I have not been any more around here unfortunately. Did see a few cranes arrive this week.


----------



## Milltodk (Oct 2, 2011)

*Waterfowl Report*

I drove the Chesterville and Eagle Lake prairie (FM 3013 and FM 1093) on the way to check a couple ponds. In Chesterville we had maybe 200 Specks on pond and very few ducks.

On way to Garwood from Chesterville FM 1093 to FM 3013 to Mathews store road across to HWY 71 and then down FM 333 West of Garwood 7 miles and surrounding area. I saw estimated 30 Specks total on one plowed (mud) field. Very few ducks on the three or four ponds I looked at on Garwood prairie. I will say the weather moved in while driving in Garwood and that made it more difficult to see.

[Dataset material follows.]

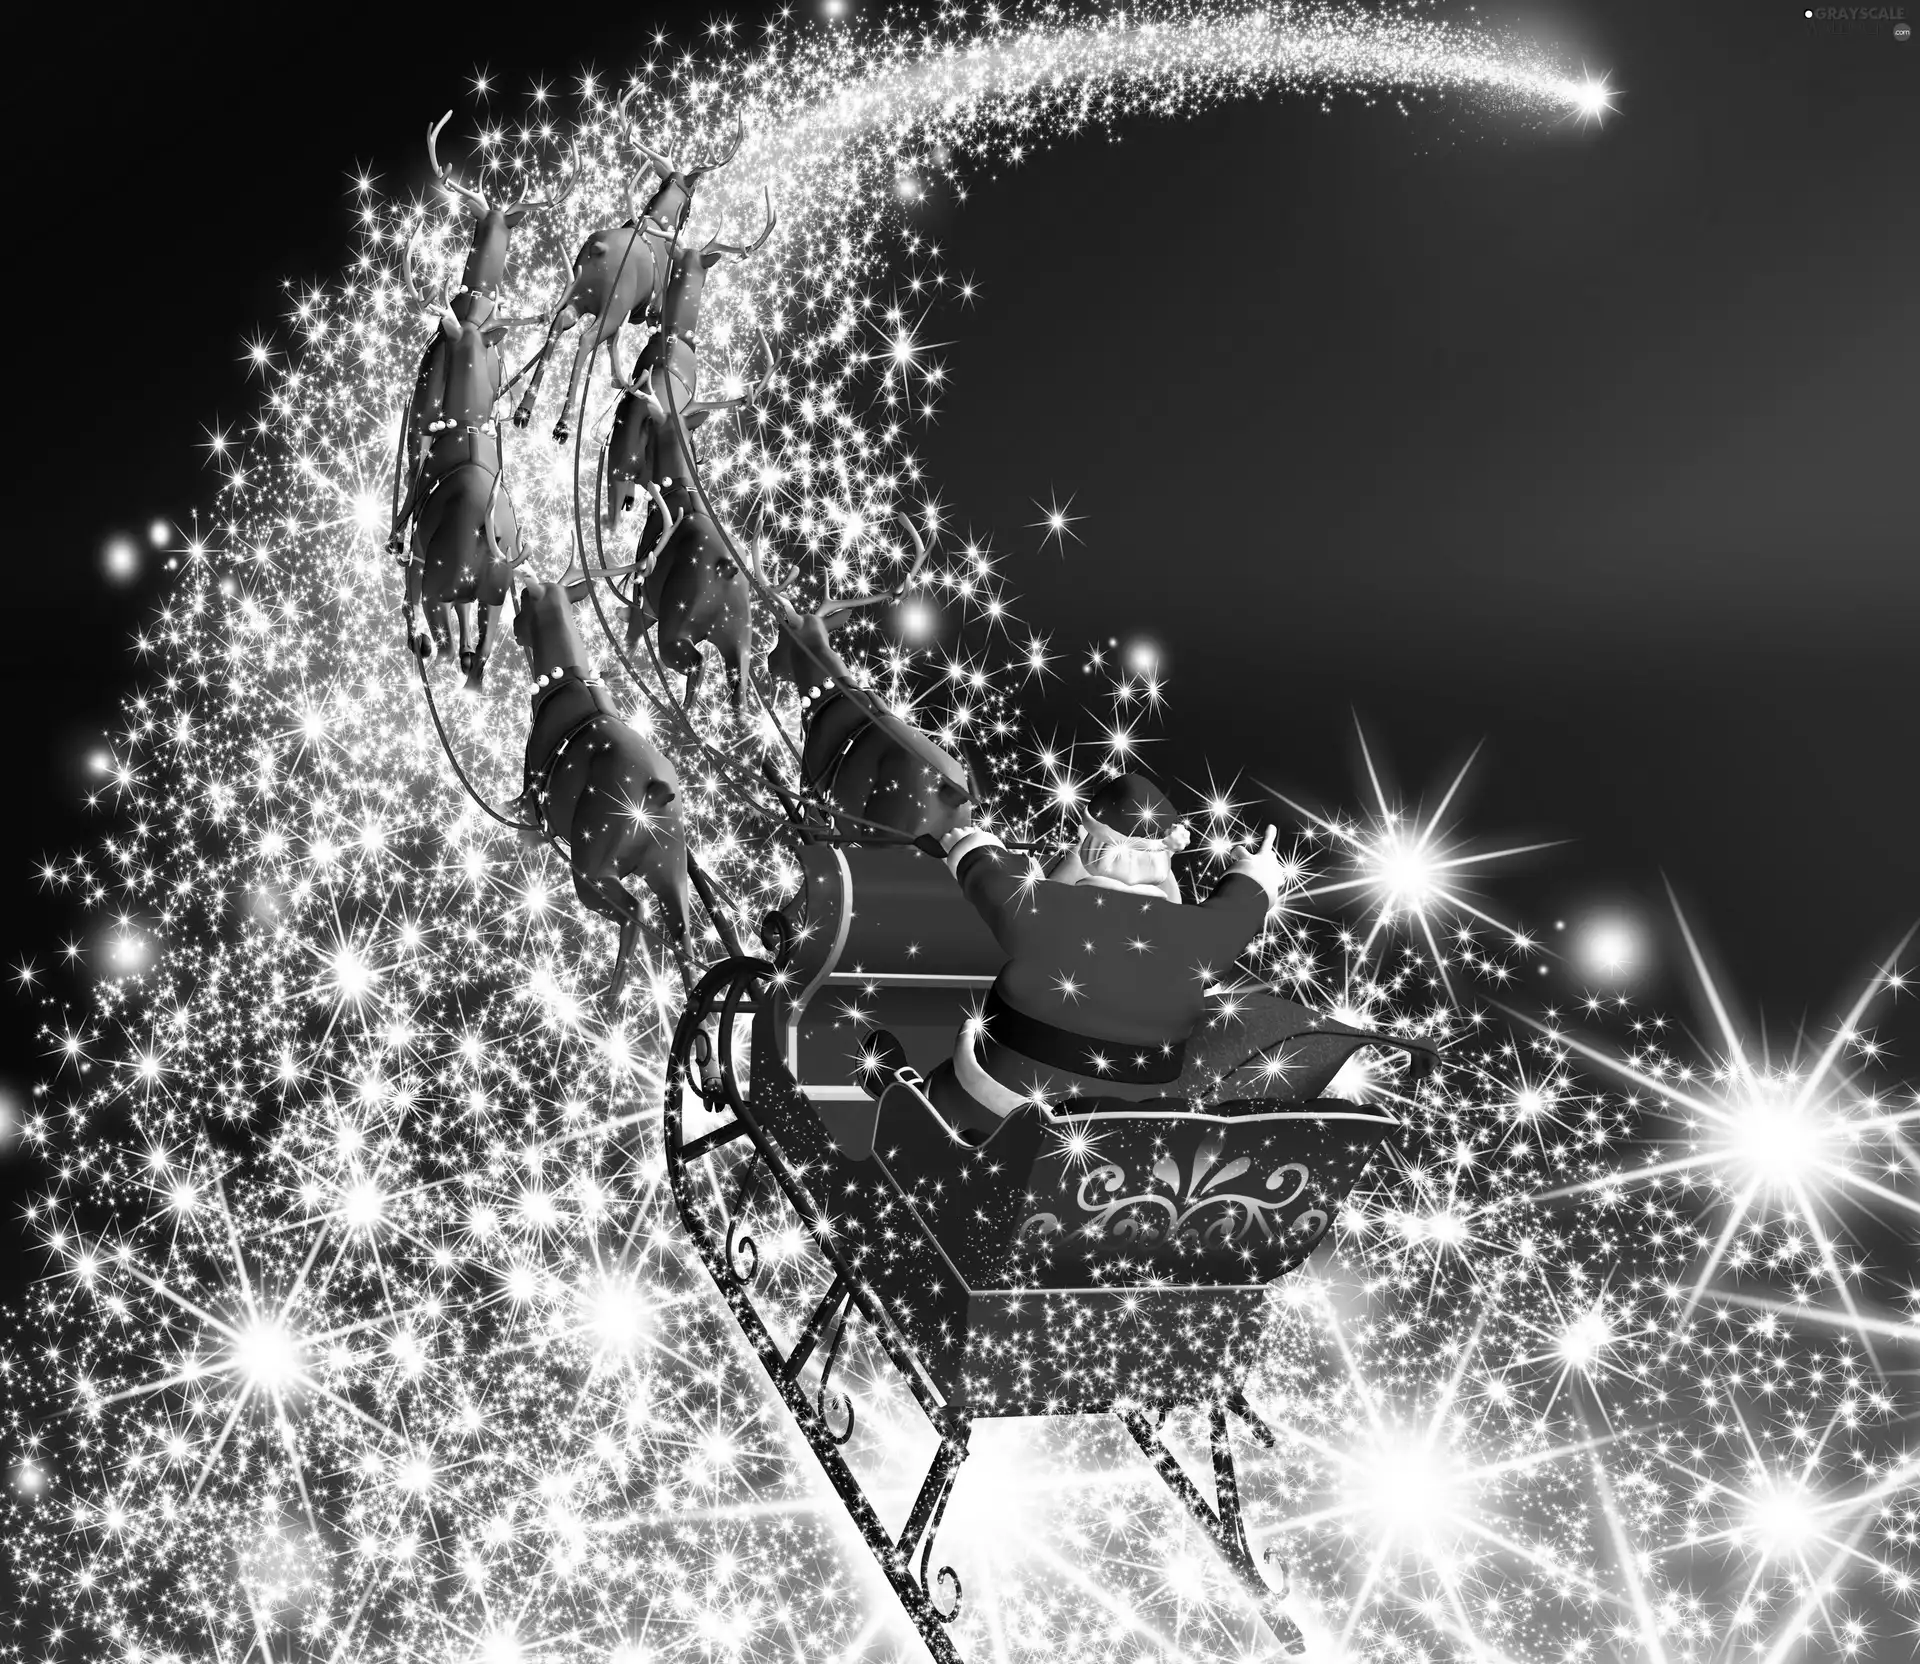 Stars, Santa, sleigh

If you had your ponds blocked you should have received enough rain to start a nice pond for next weekend.


----------



## puckkeeper28 (May 7, 2012)

Saw some snows and cranes off 2004 today. 


Sent from my iPhone using Tapatalk


----------



## Goose Lover (Jan 23, 2012)

Watched 10 flocks of speckebelly's migrating in this morning south of El Campo over about 1.5 hours time.


----------



## GoldFinger (Jul 31, 2013)

Watched alot of flocks for a solid hour or so in Round Rock moving south. Even had a few stragglers dip into our field while finishing up dove season


----------



## Goose Lover (Jan 23, 2012)

700-800 specks and an estimated thousand of more cranes south of El Campo.

Big swarm of ducks also. Mostly Pintail's


----------



## peckerwood (Jun 9, 2012)

Flock of Kanucks went over yesterday morning here in North Texas.


----------



## Run-N-Gun (Jul 5, 2007)

Lots of Specks in Matagorda County already.


----------